The broadly distributed nature of the Project presents a challenge for management of the informatics effort. In particular, across-the-board imposition of standards for software engineering and data quality will be difficult. The best course is for DOE to “choose its battles”, emphasizing the development of common standards in areas of highest priority such as database centers, while tolerating a diversity of approaches in areas such as advanced algorithm development for genomic analysis. In addition to standards, consistent “User Group” input and peer review are needed for all of the genome database centers.
It will be helpful to increase the level of participation of the Computer Science community in genome-related informatics activities.
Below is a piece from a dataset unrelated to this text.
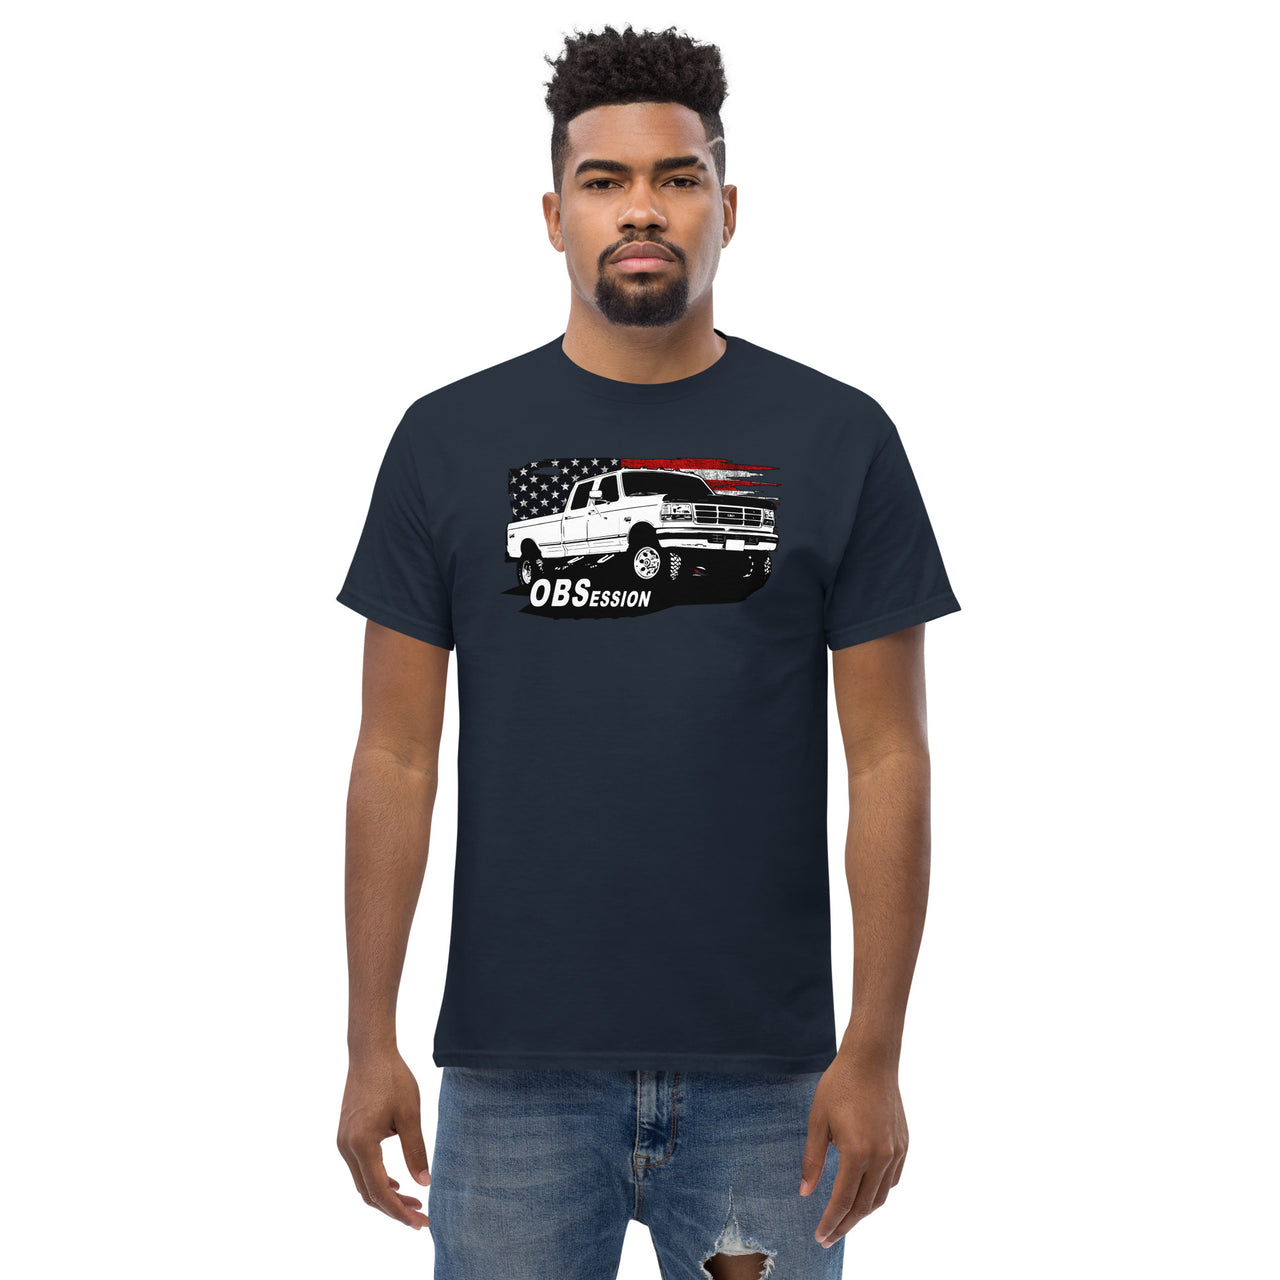 OBS Crew Cab Truck American Flag T-Shirt modeled in navy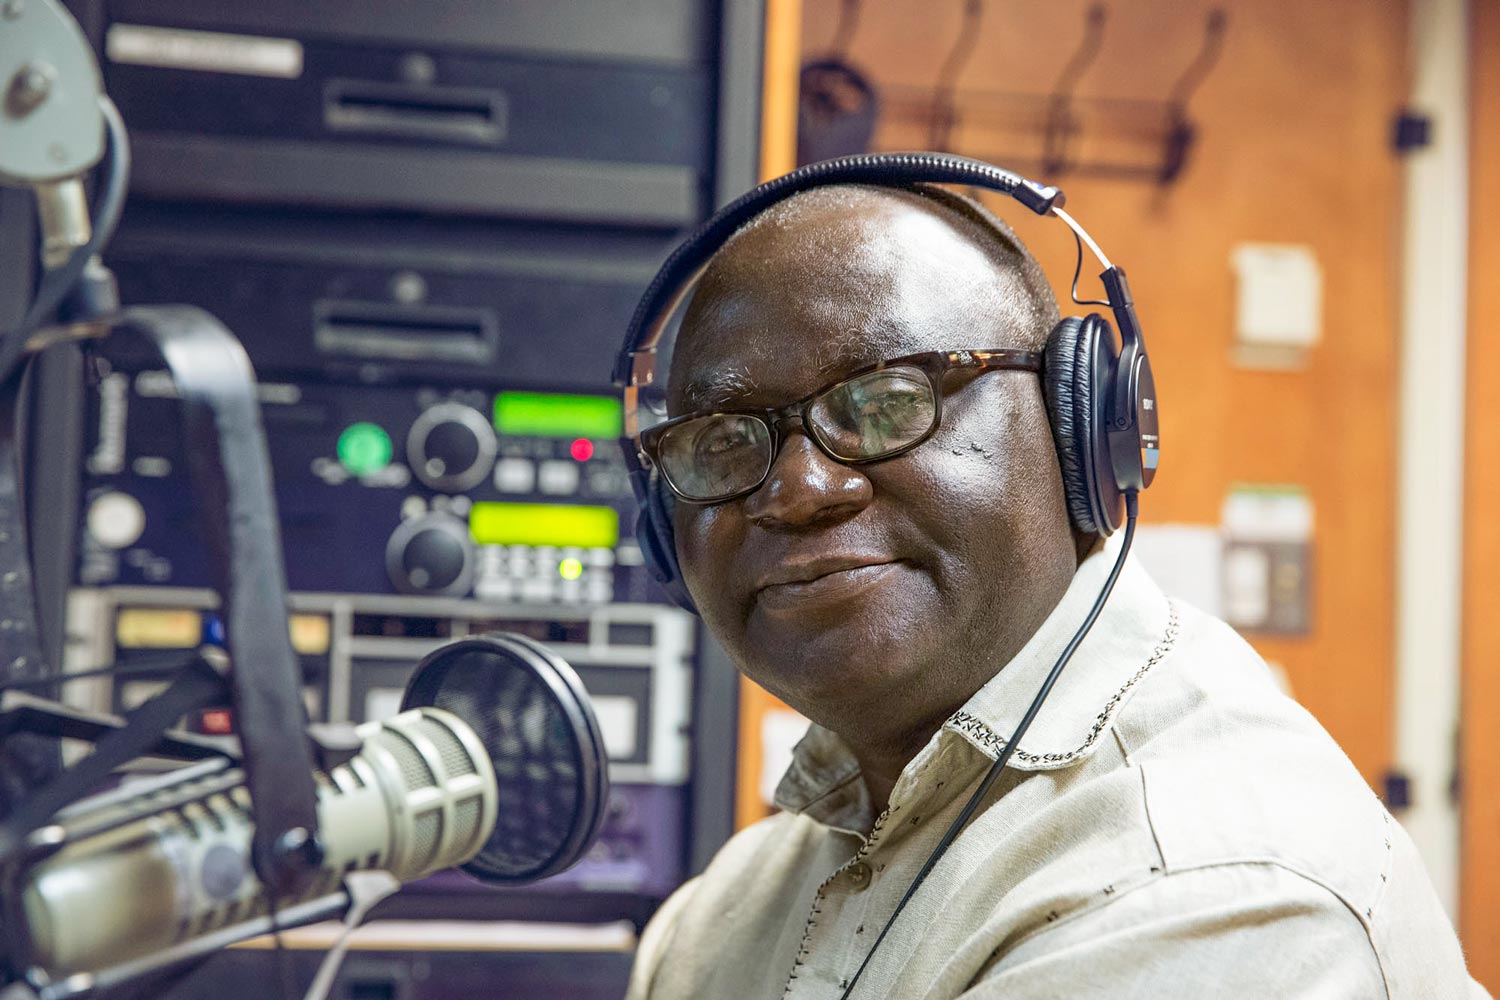 Kwesi Ghartey-Tagoe smiling at the camera in front of a microphone wearing headphones

While the human genome sequence database is not among the largest databases being developed today, the diverse nature of genome applications and the need to combine information from several different database sources provide real Computer Science challenges. Reaching out to the academic Computer Science community to engage the interest of graduate students and faculty members has not been easy to date. The genome community continues to debate whether it might be more fruitful to educate biologists in computer sciences, rather than educating computer scientists in biology. In our view, both approaches should continue to be pursued. DOE’s informatics program should include outreach activities such as workshops, short courses, and other support which will familiarize Computer Scientists with the challenges of the genome program, and which will educate young biologists in those areas of Computer Science which are of importance to the genome effort.